Ossie Higgins

Personal information
- Nationality: Welsh / Irish
- Born: 19 January 1931 Dublin, Ireland
- Died: 26 December 2000 (aged 69) Newport, Glamorgan, Wales

Sport
- Sport: Boxing / Association football
- Event: Light heavyweight
- Club: Ebbw Vale Boxing Club Aston Villa FC Ipswich Town FC

Medal record
Representing
Commonwealth Games
| Silver medal – second place | 1958 Cardiff | light-heavyweight |

= Ossie Higgins =

Welsh boxer

Augustine Robert Higgins (19 January 1931 – 26 December 2000) better known as Ossie Higgins was a Welsh/Irish boxer and footballer who won a silver medal at the Commonwealth Games.

== Biography ==
Higgins began boxing in 1946 but retired after boxing as a junior to get married. He was a carpenter's mate by trade and played football for Shamrock Rovers, Aston Villa and Ipswich Town from 1949 to 1953, although he did not earn a first team cap for Villa and only earned two caps for Ipswich.

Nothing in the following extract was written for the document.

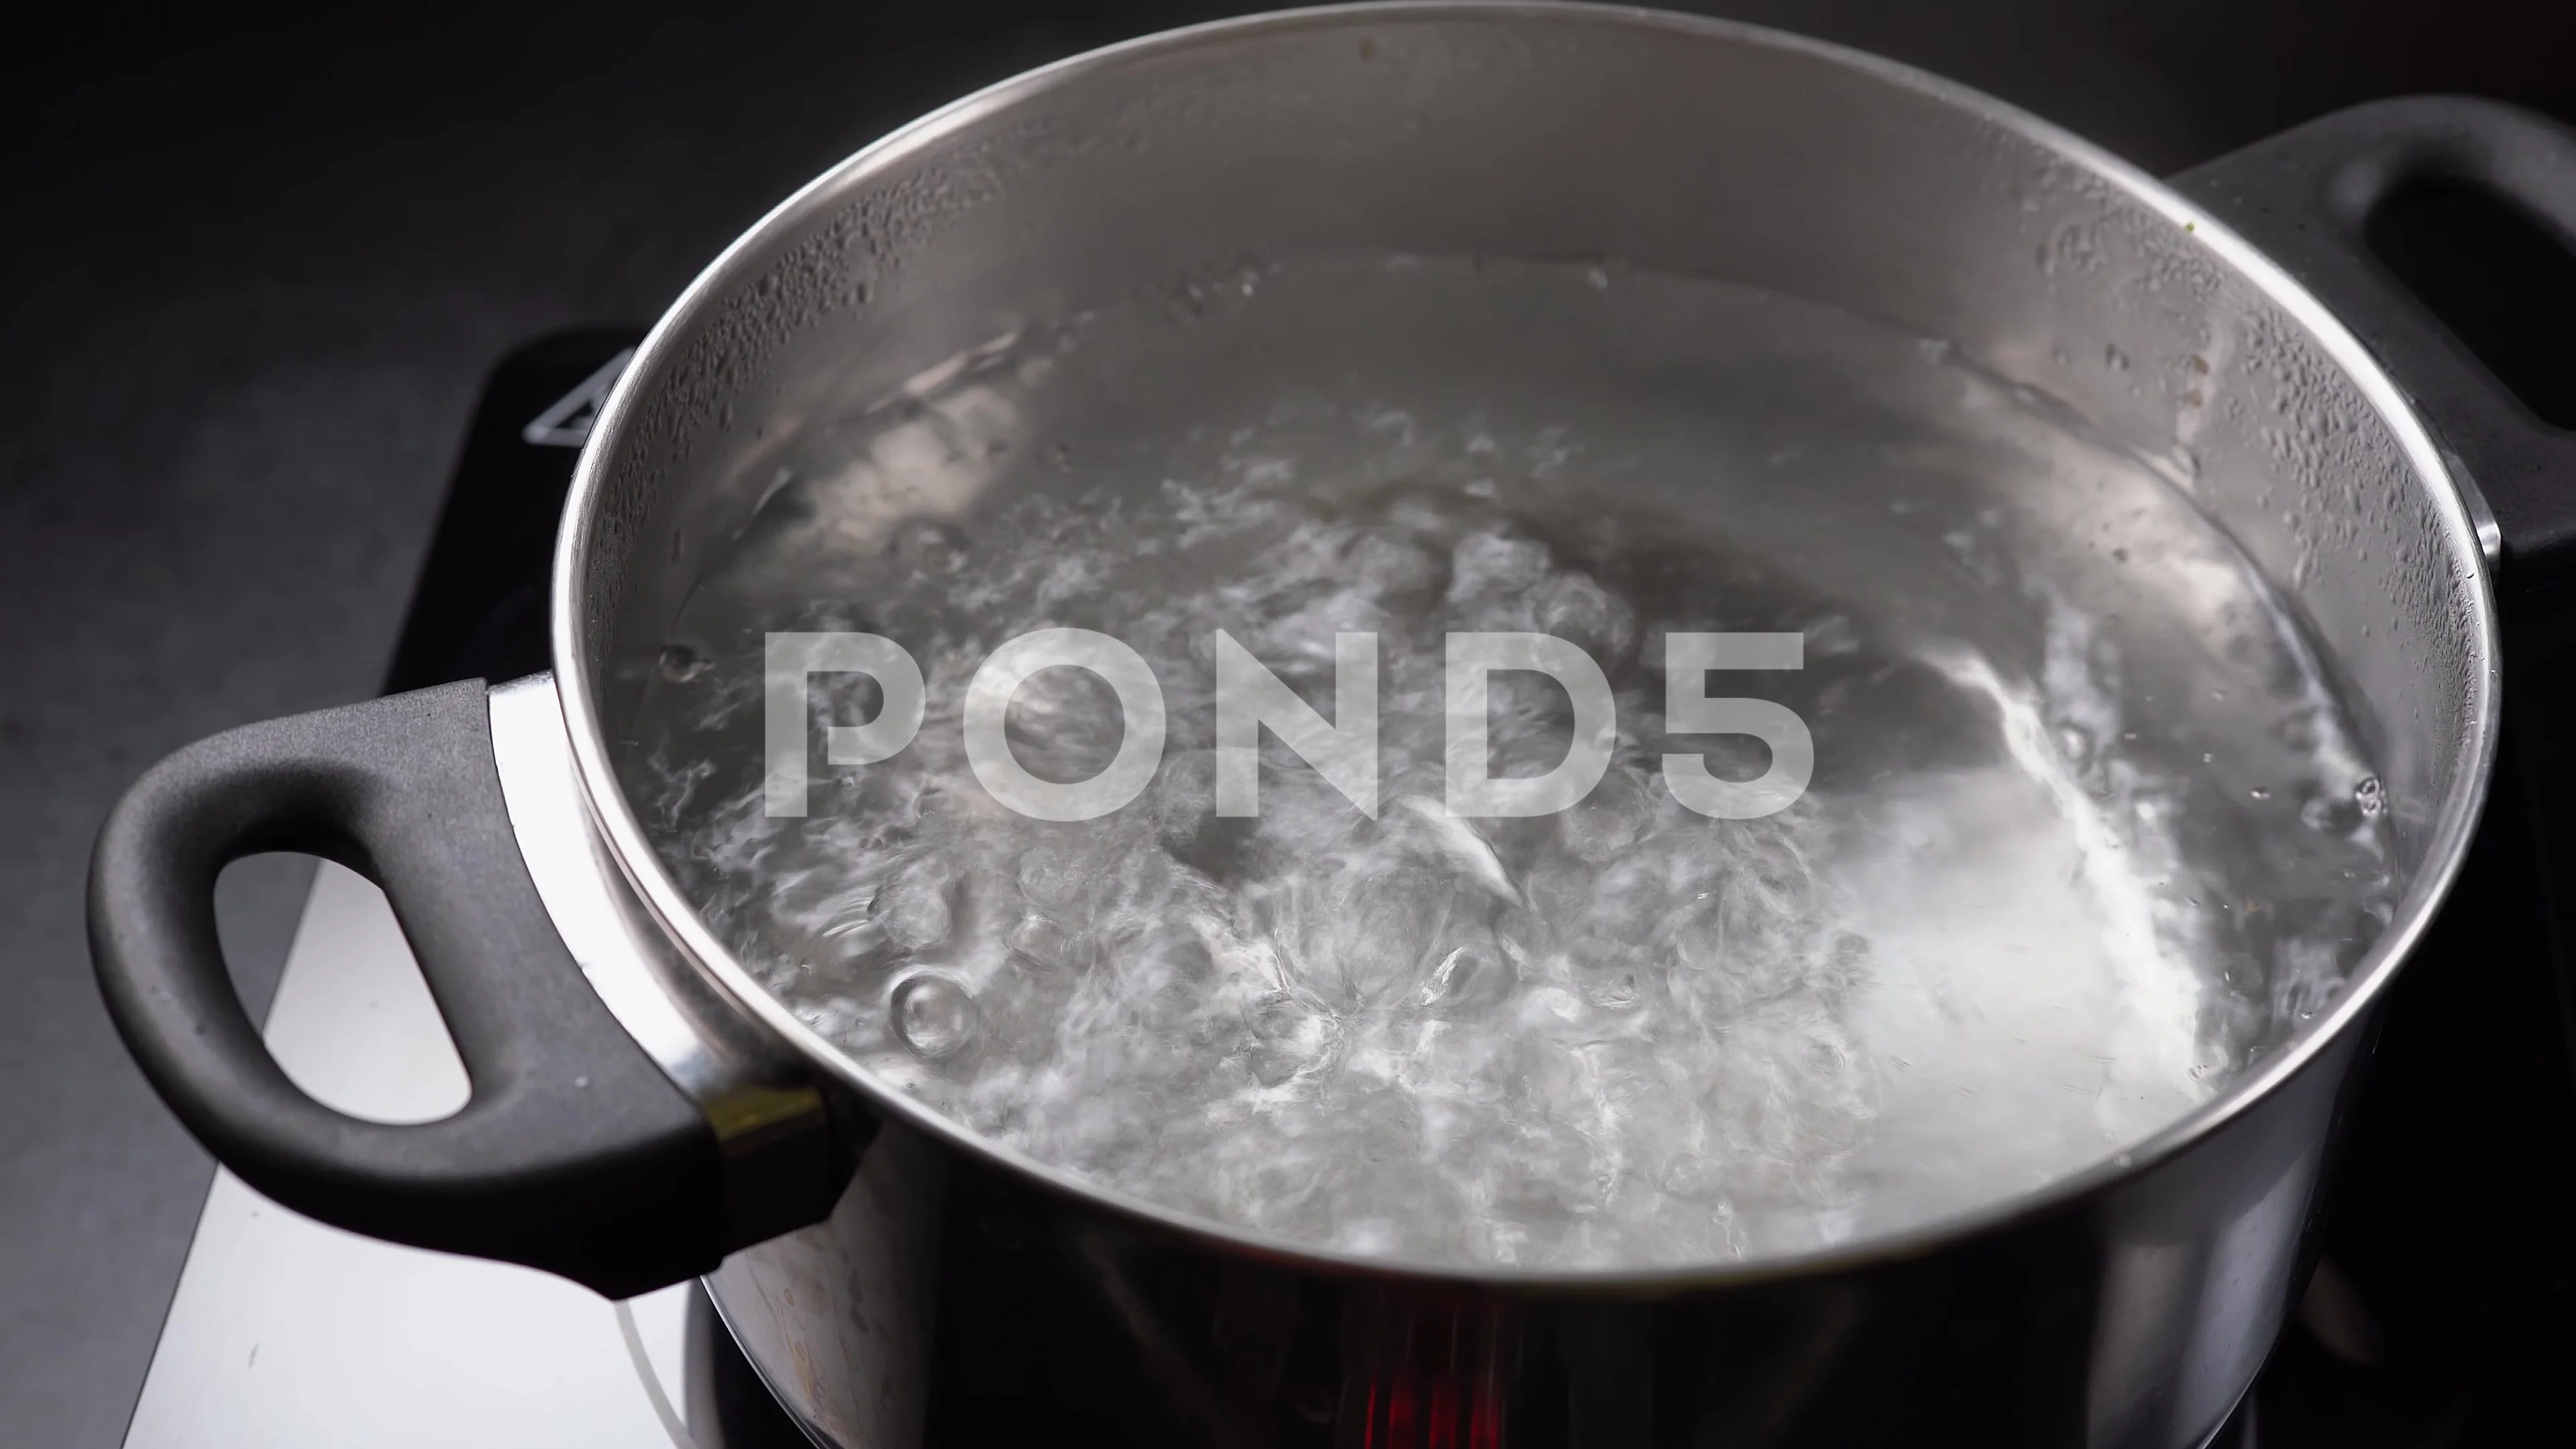 https://images.pond5.com/boil-water-pot-dark-background-footage-141919494_prevstill.jpeg

He later resumed his boxing career and was a member of the Ebbw Vale Boxing Club, making his Welsh international debut against Denmark in January 1958. He won the 1958 Welsh ABA light-heavyweight championship.

He was selected for the 1958 Welsh team for the 1958 British Empire and Commonwealth Games in Cardiff, Wales, where he competed in the light-heavyweight category and won the silver medal. The Welsh boxing team secured six medals from ten weight classes.